初夏を告げる黄金色の果実「びわ」。日本では古くから親しまれてきたこの果物は、その独特の甘酸っぱい味わいだけではなく、健康面においても様々な効能を持つことで知られています。
本記事では、びわ1個あたりのカロリーや栄養素、そして科学的に裏付けられた効能効果について詳しく解説します。
びわの基本情報
びわ(枇杷)は、バラ科ビワ属の常緑高木の果実で、学名は「Eriobotrya japonica」と呼ばれています。5月から6月にかけて収穫される初夏の果物であり、日本をはじめ中国や台湾などのアジア地域で広く栽培されています。
びわの原産地は中国とされていますが、日本でも奈良時代には既に栽培が始まっていたと言われており、長い歴史を持つ果物です。
一般的なびわ1個の重さは約30〜40g程度で、大きさや品種によって若干の差があります。果肉は黄橙色で、甘みと酸味のバランスが良く、独特の香りを持っています。
びわ1個あたりのカロリー
びわは低カロリーな果物として知られています。
1個(約30g)あたりのカロリーは、約15〜20kcal程度です。100gあたりに換算すると約50〜60kcalとなります。

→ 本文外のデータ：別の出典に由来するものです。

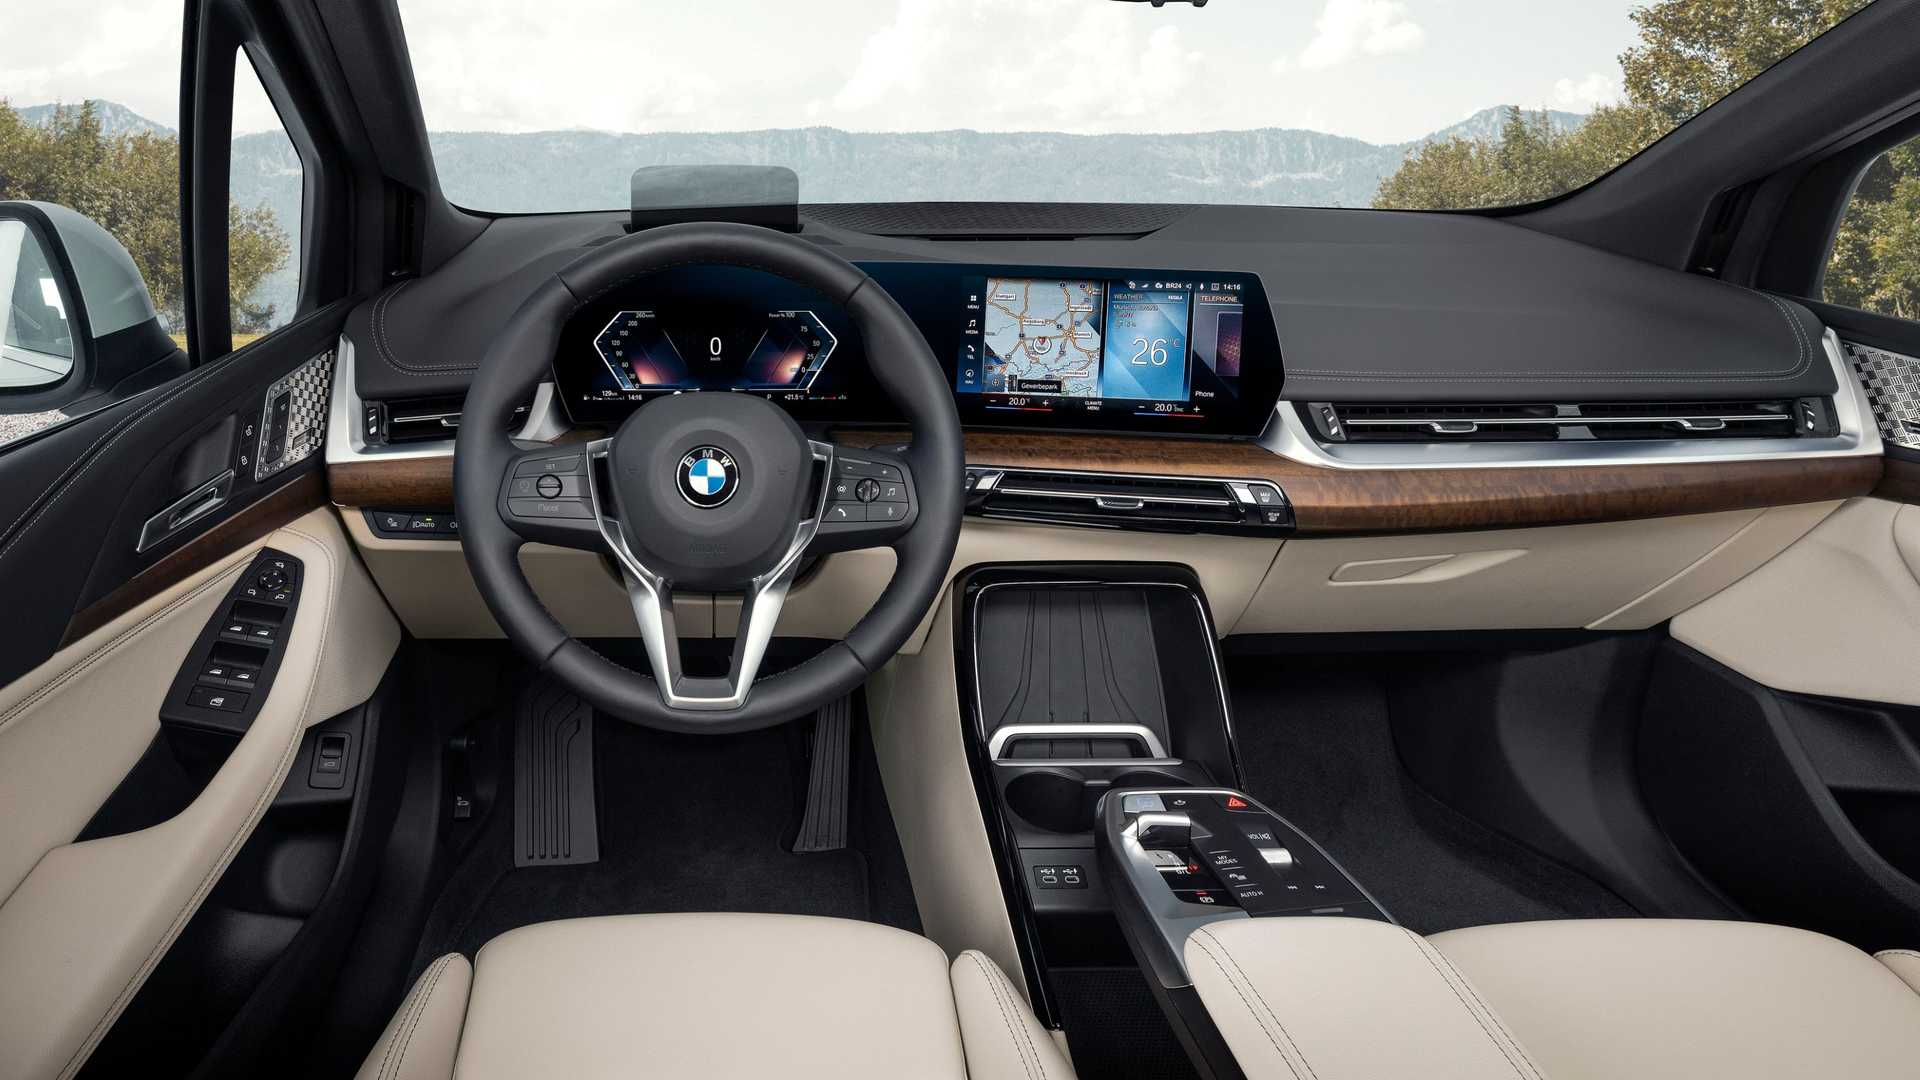 BMW Serie 2 active tourer interior

このカロリー値は、リンゴ(100gあたり約57kcal)やミカン(100gあたり約46kcal)と同程度であり、果物の中でも比較的低カロリーな部類に入ります。ダイエット中の方でも安心して食べられる果物と言えるでしょう。
びわの栄養成分
びわ1個(約30g)に含まれる主な栄養素は以下の通りです。
1. 炭水化物
びわには1個あたり約4〜5gの炭水化物が含まれており、そのうち約3gは天然の糖分です。残りは食物繊維となっています。
2. ビタミン類
びわは特にビタミンAの前駆体であるβ-カロテンが豊富で、あの特徴的な黄橙色の色素となっています。1個あたり約90〜120μgのβ-カロテンを含み、これは日本人の成人1日の推奨量の約10〜15%に相当します。
その他にも、以下のビタミンが含まれています。
- ビタミンC:約3〜5mg(1日推奨量の約3〜5%)
- ビタミンE:約0.2mg(1日推奨量の約2%)
- ビタミンB群:少量(B1、B2、B6など)
3. ミネラル類
びわには様々なミネラルが含まれていますが、特にカリウムが豊富です。
- カリウム:約80〜100mg(1日推奨量の約2〜3%)
- カルシウム:約4〜5mg
- マグネシウム:約3〜4mg
- 鉄分:約0.1mg
- 亜鉛:微量
4. 食物繊維
びわ1個あたりの食物繊維は約1〜1.5g程度で、水溶性食物繊維と不溶性食物繊維の両方を含んでいます。
5. ポリフェノール類
びわには様々な機能性成分が含まれています。
- クロロゲン酸
- カテキン
- エピカテキン
- プロシアニジン類
これらのポリフェノール類は強い抗酸化作用を持ち、様々な健康効果をもたらすことが研究で示されています。
びわの効能効果
科学的研究により、びわには多くの健康効果があることが示されています。
以下に主な効能効果を解説します。
1. 抗酸化作用
びわに含まれるβ-カロテン、ビタミンC、ビタミンE、ポリフェノール類は、強力な抗酸化作用を持っています。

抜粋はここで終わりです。